Let $X$ be a normed space,let $A$ be a non-empty subset of $X$, and let $\lbrace c_x \rbrace_{x \in A}$ be a corresponding set of scalars. Prove the following are equivalent:
a.) There exists $f \in X'$ such that $f(x)=c_x$ for all $x \in A$.
b.) There exists a constant $M \geq 0$ such that $$|\sum_{i=1}^n \alpha_ic_{x_i}| \leq M||\sum_{i=1}^n \alpha_i x_i||$$ for all possible choices $x_1,..., x_n \in A$ and of scalars $\alpha_1,..., \alpha_n \in \mathbb{F}$
I am not really sure how does $\lbrace c_x \rbrace_{x \in A}$ look like?
Assuming (a), we simply have
$$ | \sum\limits_{i=1}^n \alpha_i c_{x_i} | = | \sum\limits_{i=1}^n \alpha_i f(x_i) | = | f(\sum\limits_{i=1}^n \alpha_i x_i) | \leq ||f|| || \sum\limits_{i=1}^n \alpha_i x_i ||$$
Which is (b) when $M = ||f|| $.
Conversely, assume we have (b). Let $A'$ denote the span of $A$. Define a function $f:A' \rightarrow \mathbb{R}$ as in (a). Clearly f is well defined. We need to check its linear and bounded.

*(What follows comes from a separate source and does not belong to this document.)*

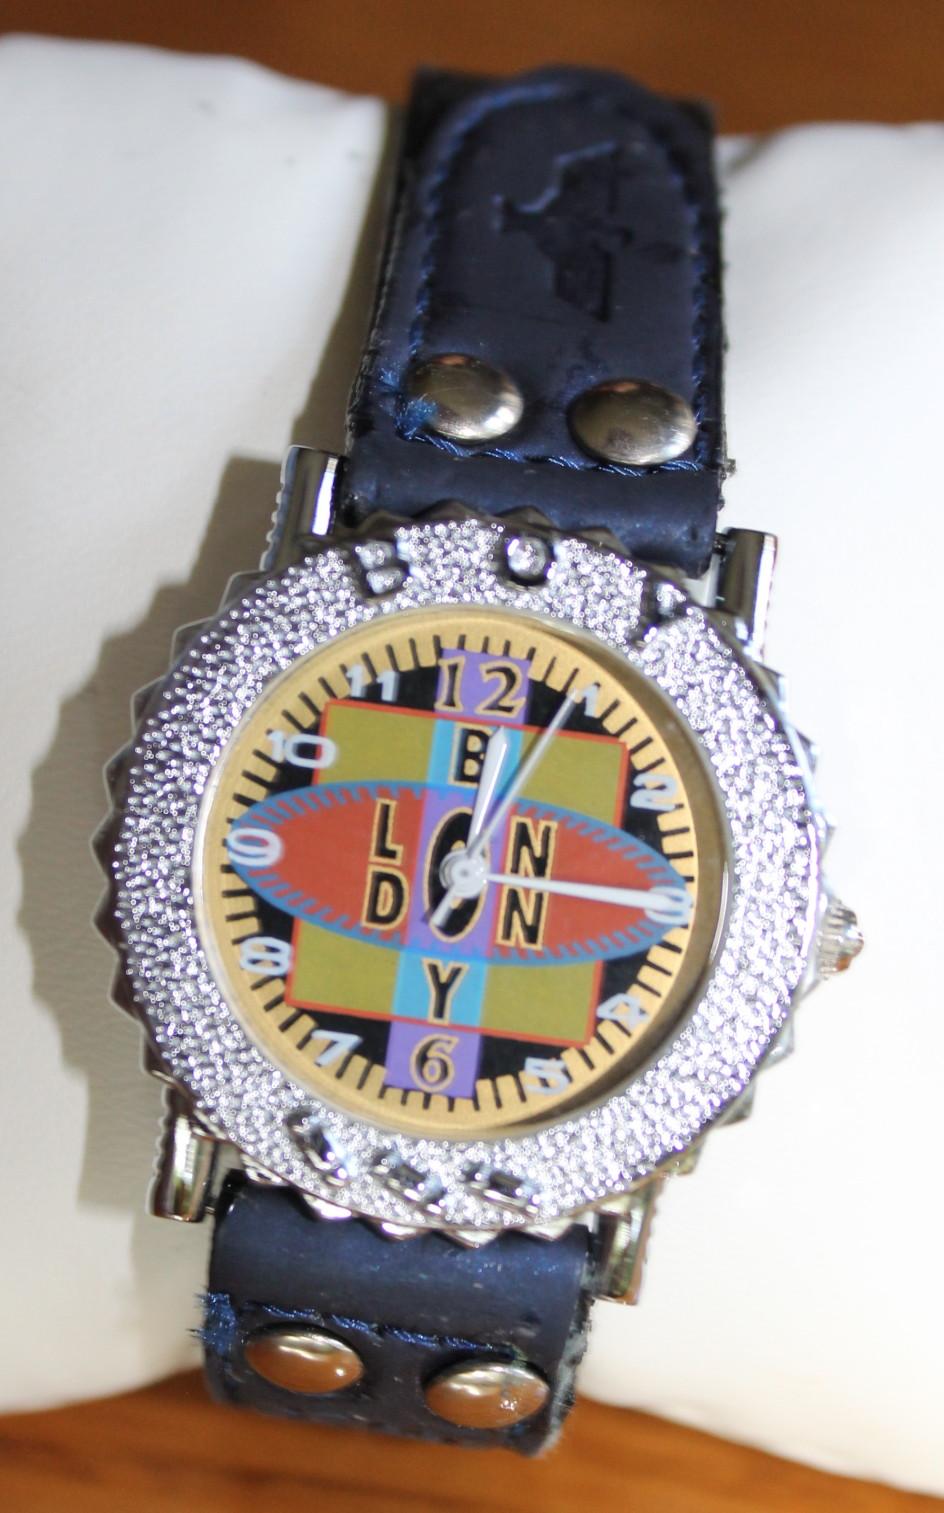 Reloj brazalete mujer vintage retro swarovski n739 - Relojes grandes de pared vintage ...
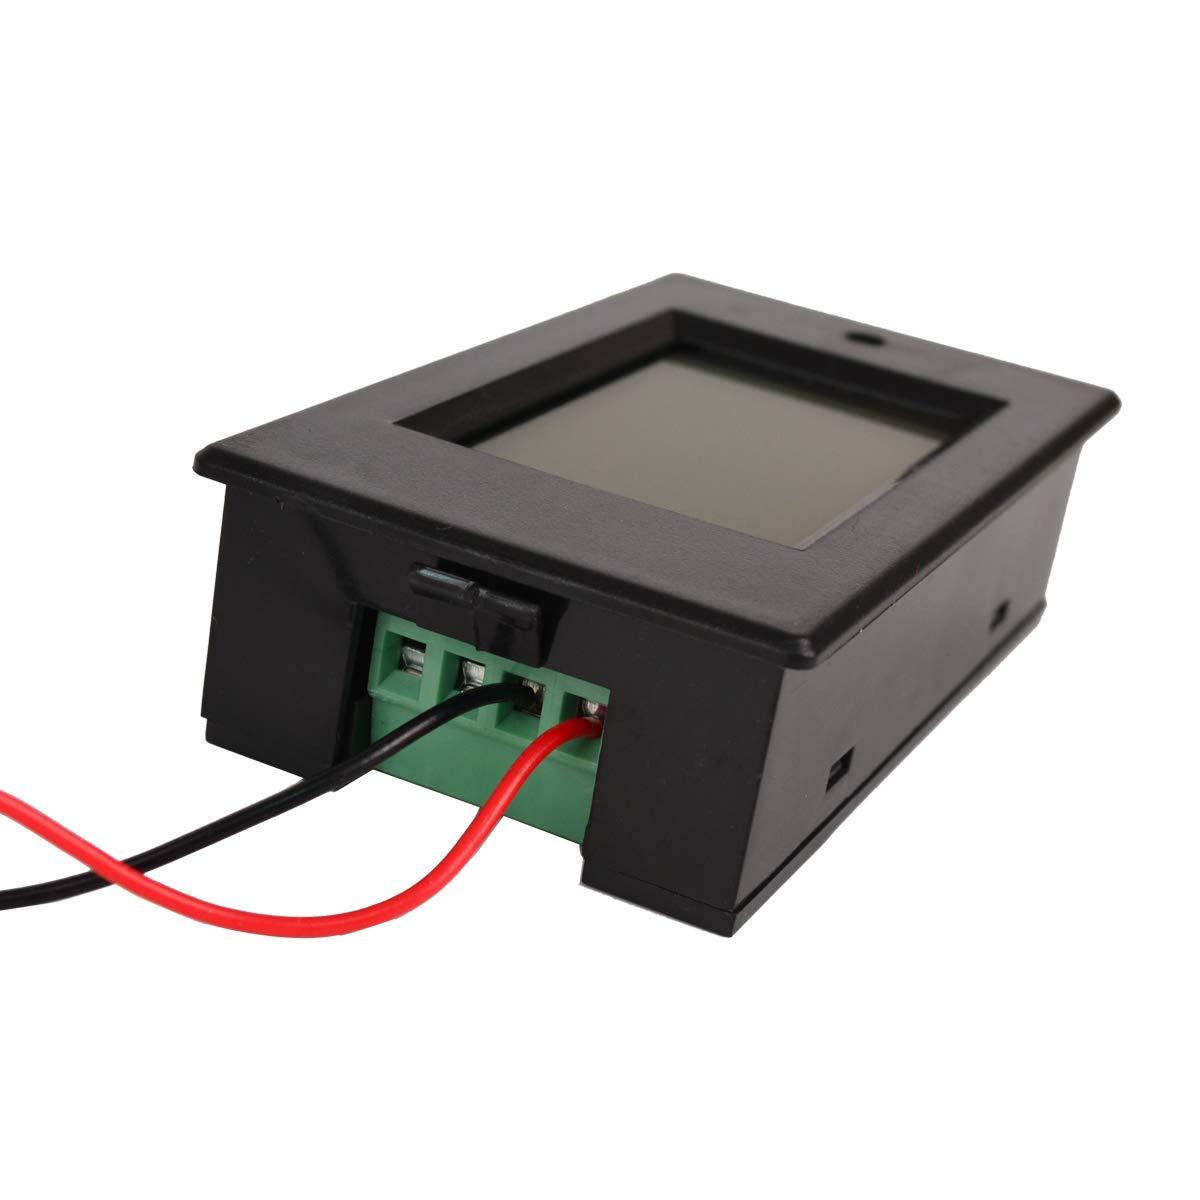 Baitaihem AC 80-260V 100A LCD Display Digital Current Voltage Power Energy Meter Multimeter Ammeter Voltmeter by Baitaihem (Image #5)

$$ | f( \alpha x + y) - \alpha f(x) - f(y) | = | c_{\alpha x +y} - \alpha c_x - c_y| \leq M ||(\alpha x+y)-\alpha x-y|| = 0$$
So $f$ is linear.
$ |f(x)| = |c_x| \leq M ||x|| $ for any $x \in A'$. So $f$ is bounded.
Finally, by Hahn Banach we can extend $f$ to a functional on $X$ with the same norm, agreeing with $f$ on $A'$.